[PROBLEM]: Return nothing except the lines from the one that contains "SAT, Folketelling 1900" through the end of the material below, each exactly as given.

━━━━━ SUPPLIED RECORDS

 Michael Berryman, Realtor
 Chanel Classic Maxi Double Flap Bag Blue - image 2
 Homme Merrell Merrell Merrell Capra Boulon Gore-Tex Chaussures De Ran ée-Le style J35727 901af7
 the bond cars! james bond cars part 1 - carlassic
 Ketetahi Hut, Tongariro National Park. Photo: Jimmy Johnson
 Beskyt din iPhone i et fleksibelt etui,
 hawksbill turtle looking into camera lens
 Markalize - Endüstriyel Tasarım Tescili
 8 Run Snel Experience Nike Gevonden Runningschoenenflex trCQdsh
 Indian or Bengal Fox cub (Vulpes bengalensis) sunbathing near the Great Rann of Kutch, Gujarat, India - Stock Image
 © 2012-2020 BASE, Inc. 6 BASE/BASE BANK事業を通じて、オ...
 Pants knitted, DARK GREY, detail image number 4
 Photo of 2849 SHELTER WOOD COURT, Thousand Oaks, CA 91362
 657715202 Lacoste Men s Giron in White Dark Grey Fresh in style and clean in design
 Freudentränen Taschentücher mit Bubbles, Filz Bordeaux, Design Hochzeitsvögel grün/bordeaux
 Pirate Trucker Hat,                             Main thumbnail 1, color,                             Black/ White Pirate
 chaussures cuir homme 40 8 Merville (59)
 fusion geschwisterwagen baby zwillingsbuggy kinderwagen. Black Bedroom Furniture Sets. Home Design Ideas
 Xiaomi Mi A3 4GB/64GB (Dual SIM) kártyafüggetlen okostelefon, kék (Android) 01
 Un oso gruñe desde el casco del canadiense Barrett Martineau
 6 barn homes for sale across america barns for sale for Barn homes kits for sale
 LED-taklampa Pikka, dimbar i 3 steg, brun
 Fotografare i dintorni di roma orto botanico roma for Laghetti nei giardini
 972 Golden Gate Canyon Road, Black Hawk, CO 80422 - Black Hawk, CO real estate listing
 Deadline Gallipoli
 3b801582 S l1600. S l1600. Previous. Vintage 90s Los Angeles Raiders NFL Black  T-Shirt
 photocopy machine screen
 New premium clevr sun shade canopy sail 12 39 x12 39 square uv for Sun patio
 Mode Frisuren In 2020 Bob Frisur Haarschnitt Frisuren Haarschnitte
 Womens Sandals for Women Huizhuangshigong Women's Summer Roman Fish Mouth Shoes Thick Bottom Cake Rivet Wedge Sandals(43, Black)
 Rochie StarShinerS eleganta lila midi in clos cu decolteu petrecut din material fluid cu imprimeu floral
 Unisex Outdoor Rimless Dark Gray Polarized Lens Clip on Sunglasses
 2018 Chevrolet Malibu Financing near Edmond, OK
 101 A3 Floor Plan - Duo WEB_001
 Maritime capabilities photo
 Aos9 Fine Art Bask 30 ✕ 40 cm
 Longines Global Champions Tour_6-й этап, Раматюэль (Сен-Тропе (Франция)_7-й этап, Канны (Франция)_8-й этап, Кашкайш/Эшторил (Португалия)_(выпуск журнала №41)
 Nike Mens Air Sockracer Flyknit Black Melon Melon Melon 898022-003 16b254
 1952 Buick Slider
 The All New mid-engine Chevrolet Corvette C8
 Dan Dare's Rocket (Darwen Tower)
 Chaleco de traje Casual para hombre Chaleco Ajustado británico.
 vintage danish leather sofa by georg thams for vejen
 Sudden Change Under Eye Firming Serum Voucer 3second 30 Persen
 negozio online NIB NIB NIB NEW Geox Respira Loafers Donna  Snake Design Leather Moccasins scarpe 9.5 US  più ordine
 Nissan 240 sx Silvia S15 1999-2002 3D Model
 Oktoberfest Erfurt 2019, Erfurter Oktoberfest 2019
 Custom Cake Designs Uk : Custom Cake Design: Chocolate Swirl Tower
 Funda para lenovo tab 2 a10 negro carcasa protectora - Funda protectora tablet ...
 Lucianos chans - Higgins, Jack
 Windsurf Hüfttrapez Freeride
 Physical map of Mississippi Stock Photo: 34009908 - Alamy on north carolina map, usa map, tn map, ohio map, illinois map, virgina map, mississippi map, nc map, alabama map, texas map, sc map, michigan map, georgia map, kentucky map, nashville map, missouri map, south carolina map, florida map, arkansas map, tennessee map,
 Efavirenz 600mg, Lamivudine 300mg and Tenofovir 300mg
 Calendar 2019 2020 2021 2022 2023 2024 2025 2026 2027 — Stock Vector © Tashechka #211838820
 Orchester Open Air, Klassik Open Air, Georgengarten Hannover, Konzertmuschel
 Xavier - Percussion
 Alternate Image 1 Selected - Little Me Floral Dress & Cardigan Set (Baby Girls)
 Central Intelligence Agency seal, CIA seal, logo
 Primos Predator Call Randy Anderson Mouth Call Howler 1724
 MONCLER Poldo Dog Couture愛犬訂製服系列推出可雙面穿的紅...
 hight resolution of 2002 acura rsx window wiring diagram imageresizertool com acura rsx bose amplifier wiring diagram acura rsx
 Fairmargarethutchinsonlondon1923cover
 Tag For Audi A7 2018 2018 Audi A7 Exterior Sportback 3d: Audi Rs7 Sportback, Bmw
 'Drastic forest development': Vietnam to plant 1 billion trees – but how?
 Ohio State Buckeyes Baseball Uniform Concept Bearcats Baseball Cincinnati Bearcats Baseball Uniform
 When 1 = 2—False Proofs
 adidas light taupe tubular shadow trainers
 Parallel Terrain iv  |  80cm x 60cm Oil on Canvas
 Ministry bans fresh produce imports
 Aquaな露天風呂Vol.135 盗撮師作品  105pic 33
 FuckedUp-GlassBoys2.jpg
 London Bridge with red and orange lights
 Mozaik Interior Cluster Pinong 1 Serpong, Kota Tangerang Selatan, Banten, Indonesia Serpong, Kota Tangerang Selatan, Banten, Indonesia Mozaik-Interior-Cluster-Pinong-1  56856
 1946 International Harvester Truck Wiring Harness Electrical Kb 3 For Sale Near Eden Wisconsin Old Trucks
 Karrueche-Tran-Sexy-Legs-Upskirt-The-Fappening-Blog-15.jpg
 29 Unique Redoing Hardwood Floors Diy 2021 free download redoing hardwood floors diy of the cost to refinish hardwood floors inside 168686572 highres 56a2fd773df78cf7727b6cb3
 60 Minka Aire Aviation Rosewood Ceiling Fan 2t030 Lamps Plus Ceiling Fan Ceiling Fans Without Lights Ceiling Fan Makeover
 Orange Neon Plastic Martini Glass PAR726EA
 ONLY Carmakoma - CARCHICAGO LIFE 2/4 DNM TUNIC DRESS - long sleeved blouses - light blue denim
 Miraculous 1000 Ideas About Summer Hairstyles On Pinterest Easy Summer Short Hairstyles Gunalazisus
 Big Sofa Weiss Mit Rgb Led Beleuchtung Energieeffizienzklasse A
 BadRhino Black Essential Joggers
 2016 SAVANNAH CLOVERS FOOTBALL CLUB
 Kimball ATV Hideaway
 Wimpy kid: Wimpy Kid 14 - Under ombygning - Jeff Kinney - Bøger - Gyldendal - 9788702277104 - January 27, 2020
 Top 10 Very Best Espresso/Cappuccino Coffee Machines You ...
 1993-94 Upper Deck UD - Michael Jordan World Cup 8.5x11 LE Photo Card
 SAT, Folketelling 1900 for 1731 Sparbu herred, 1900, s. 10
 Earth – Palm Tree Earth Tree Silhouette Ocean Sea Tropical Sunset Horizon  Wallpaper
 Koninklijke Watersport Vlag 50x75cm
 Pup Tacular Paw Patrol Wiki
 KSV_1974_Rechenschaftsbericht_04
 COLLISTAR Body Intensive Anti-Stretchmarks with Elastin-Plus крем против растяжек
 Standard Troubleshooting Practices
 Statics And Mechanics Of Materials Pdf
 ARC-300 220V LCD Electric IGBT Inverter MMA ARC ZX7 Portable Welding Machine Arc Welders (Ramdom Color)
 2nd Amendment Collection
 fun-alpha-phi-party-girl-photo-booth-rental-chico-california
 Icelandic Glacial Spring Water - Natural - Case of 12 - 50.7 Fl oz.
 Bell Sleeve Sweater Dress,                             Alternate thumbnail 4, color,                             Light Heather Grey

━━━━━━━━━━

[EXERCISE ANSWER]:
 SAT, Folketelling 1900 for 1731 Sparbu herred, 1900, s. 10
 Earth – Palm Tree Earth Tree Silhouette Ocean Sea Tropical Sunset Horizon  Wallpaper
 Koninklijke Watersport Vlag 50x75cm
 Pup Tacular Paw Patrol Wiki
 KSV_1974_Rechenschaftsbericht_04
 COLLISTAR Body Intensive Anti-Stretchmarks with Elastin-Plus крем против растяжек
 Standard Troubleshooting Practices
 Statics And Mechanics Of Materials Pdf
 ARC-300 220V LCD Electric IGBT Inverter MMA ARC ZX7 Portable Welding Machine Arc Welders (Ramdom Color)
 2nd Amendment Collection
 fun-alpha-phi-party-girl-photo-booth-rental-chico-california
 Icelandic Glacial Spring Water - Natural - Case of 12 - 50.7 Fl oz.
 Bell Sleeve Sweater Dress,                             Alternate thumbnail 4, color,                             Light Heather Grey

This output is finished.